# Hello to the world out there



## RuthUnwritten (Oct 23, 2008)

Have been in search of the inner writer in me, and I'm hoping this is one step along the path. Honestly I've not done much writing since I was in school, which is getting to be further and further in the past. I'm one of those wannabes that has talked about writing for years and had one excuse after another not to do it. Well, for better or worse, for reasons even I can't explain, I suddenly have the overwhelming urge to just jump in with both feet. I'm not quite to the point of feeling in over my head yet, but know the bottom is receeding away very quickly under my toes.

So, here I am...trying to find ways to give myself that final push into oblivion, or enlightenment, which ever may find me in the netherland of writing. Decided a writer's forum might help keep me honest with my efforts, and I've also really gone over the ledge and signed up for the National Novel Writer's Month contest. As I said, the 'oh boy, what have I gotten myself into' sensation hasn't sunk in yet, but am going to give it a try.

Hopefully I can actually find a venue for these characters floating in my head over the last few years to spew forth and find some other fruition than just driving me batty.


----------



## flashgordon (Oct 23, 2008)

Welcome to the forum Ruth.
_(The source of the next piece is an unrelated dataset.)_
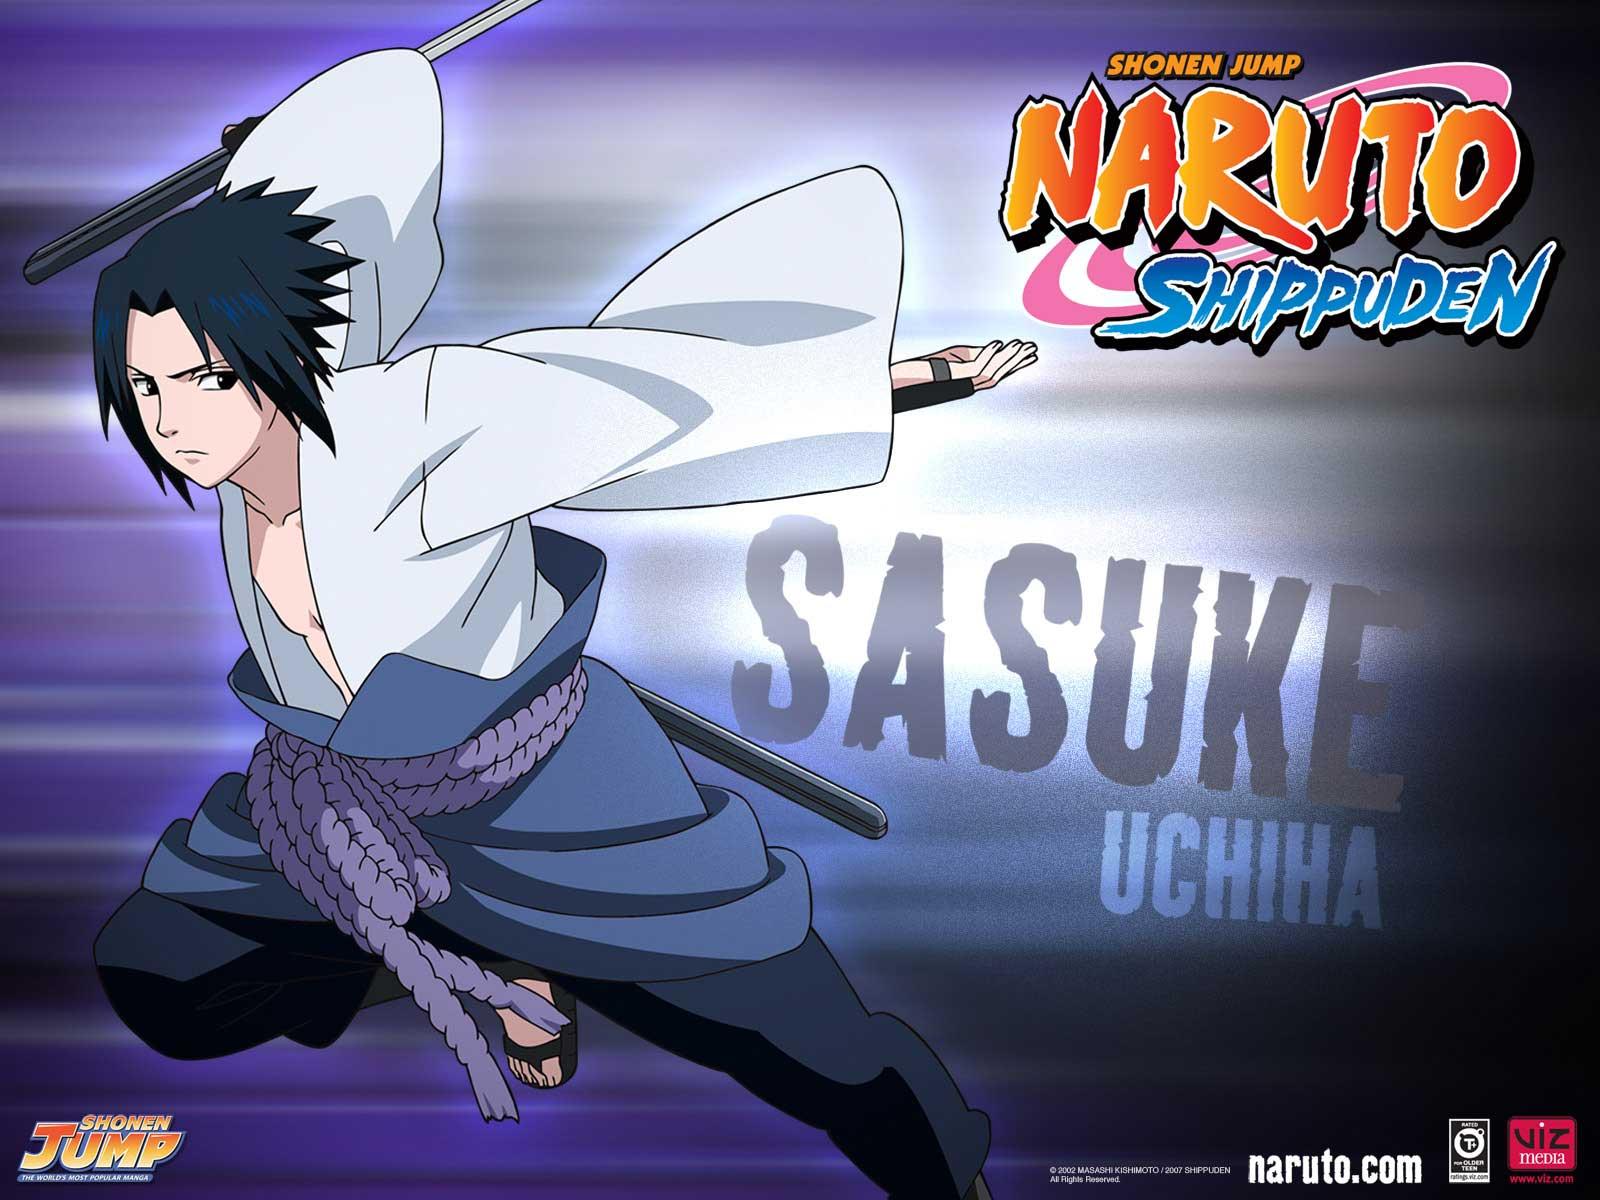 Naruto Shippuden - Uchiha Sasuke

I hear you, it is always a little nerve racking to put your stuff out into the world. Don't worry, it is worth it. This is a great place for feedback and suggestions. I say jump right in.


----------



## Nickie (Oct 23, 2008)

Hello to you, Ruth, and welcome to the forum!


Nickie


----------



## Tiamat (Oct 23, 2008)

Hi there Ruth and welcome to WF!  I admire your spirit for diving in like you did -- sink or swim.  You've come to the right place though, so good luck!


----------



## Sam (Oct 23, 2008)

Welcome to the forum, Ruth.


----------



## Shinn (Oct 24, 2008)

Hi there


----------



## SparkyLT (Oct 24, 2008)

Welcome, Ruth.


----------



## terrib (Oct 24, 2008)

glad to have you Ruth.....


----------



## A-L (Oct 24, 2008)

Yeah, glad to have you here. Welcome to the forum!


----------



## wacker (Oct 26, 2008)

Welcome to our humble forum.


----------



## courtneyv (Oct 28, 2008)

Hi. Hope you succeed in your quest. Have fun.


----------